I am currently learning ASP.NET MVC so please excuse my question if it has been asked or seems rather simple, but if I could get some help I would greatly appreciate it.

I am trying to return two different repositories to the View. I am going through ASP.NET MVC's tutorials and I thought I would try taking it a step further. I can display Movies from the Movie table in the database just fine but I also want to display data from the Actors table on the same as well and I am not sure how to go about doing this. For displaying the Movies I was following the Repository pattern.

I hope this makes sense.

Thanks,

+2  A: 
ViewData["Movies"] = //Function to get Movies;
ViewData["Actors"] = //Function to get Actors;

return View();

That's what I'm doing in my app to pass multiple sets of data to the View.

EDIT:

Or, if you have relations set up in your database you could do something like:

var movies = /*Function to get Movies*/ as Movies;
movies.Actors.Load();

That will accomplish the same thing assuming you have foriegn keys set up in your tables.
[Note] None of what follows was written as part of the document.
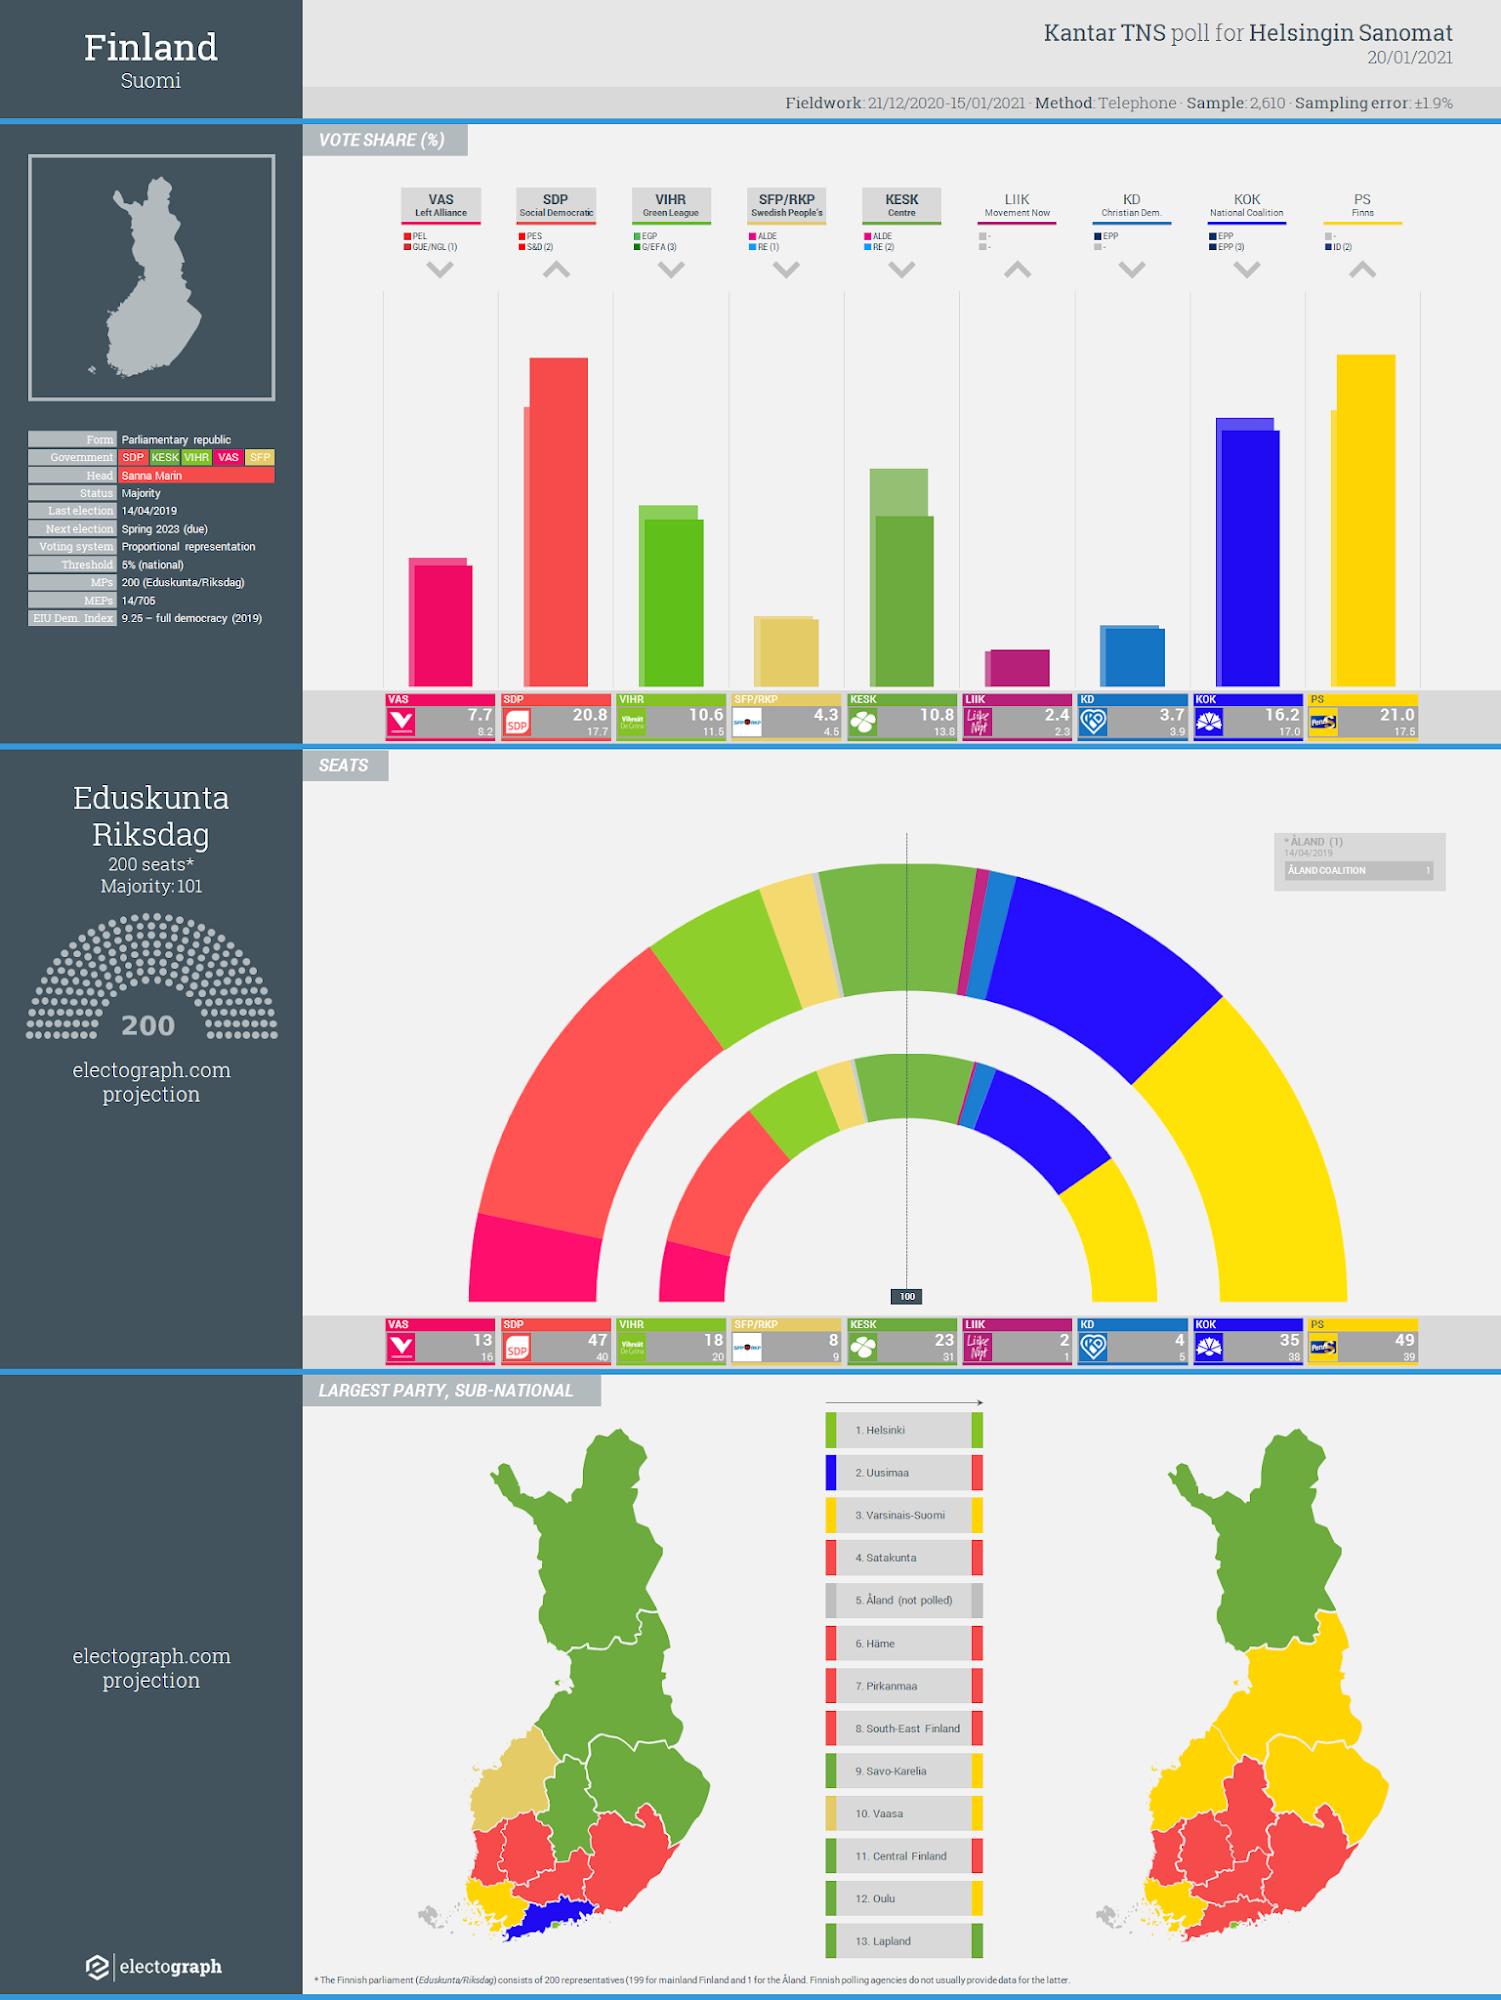 FINLAND: Kantar TNS poll chart for Helsingin Sanomat, 20 January 2021

And then in your view you would do:

<%
   var movies = ViewData["Movies"] as Movies;
   var actors = ViewData["Actors"] as Actors;
%>
dhulk
I would try to avoid hardcoded strings to access ViewData properties. If you're going to store it in ViewData, create a custom model class so it's strong typed.
Kevin Pang
That does seem a lot better actually (I'm not sure why, but it does), I'm assuming either way would work as mine isn't broken or anything. I was having the same problem and I saw on Scott Guthrie's blog that this was how he was doing it for the sample app he had. I do like your way better though.
dhulk
+10  A: 

Create a new class that has both a list of Movies and Actors in it:

public class MoviesAndActorsModel
{
    public IList<Movie> Movies { get; set; }
    public IList<Actor> Actors { get; set; }
}

Then, in your controller action, instantiate an object of type MoviesAndActorsModel that is populated from your repository:

public ActionResult List()
{
    MoviesAndActorsModel model = new MoviesAndActorsModel();

    model.Movies = _repository.GetMovies();
    model.Actors = _repository.GetActors();

    return View(model);
}

Now make sure your view inherits from ViewPage<MoviesAndActorsModel> and you should be able to access both the movies and actors like so:

<% foreach (Movie movie in Model.Movies) { %>
    <%= movie.Title %>
<% } %>

<% foreach (Actor actor in Model.Actors) { %>
    <%= actor.Name %>
<% } %>
Kevin Pang
I recomend this approach but I would suffix the new class with ViewData and not Model.
Andrei Rinea
I agree, this approach if favorable.
Chad Moran
This is better, I haven't actually changed mine yet to do this, but it has led me to go through some refactoring which has thus far eliminated an entire routine that I didn't really need. Also, the ASP.NET website recently added a bunch of new tutorials: http://www.asp.net/learn/mvc/
dhulk
A: 

There's a tutorial on http://asp.net/mvc, which demonstrates a variation of dhulk's solution for a slightly different problem: how to return some common data that is used by each view (e.g. by the master page) from each action method without having a lot of duplicated code.

The tutorial introduces a so-called application controller (simply a base class for all controllers) which handles returning the common/shared data to the view.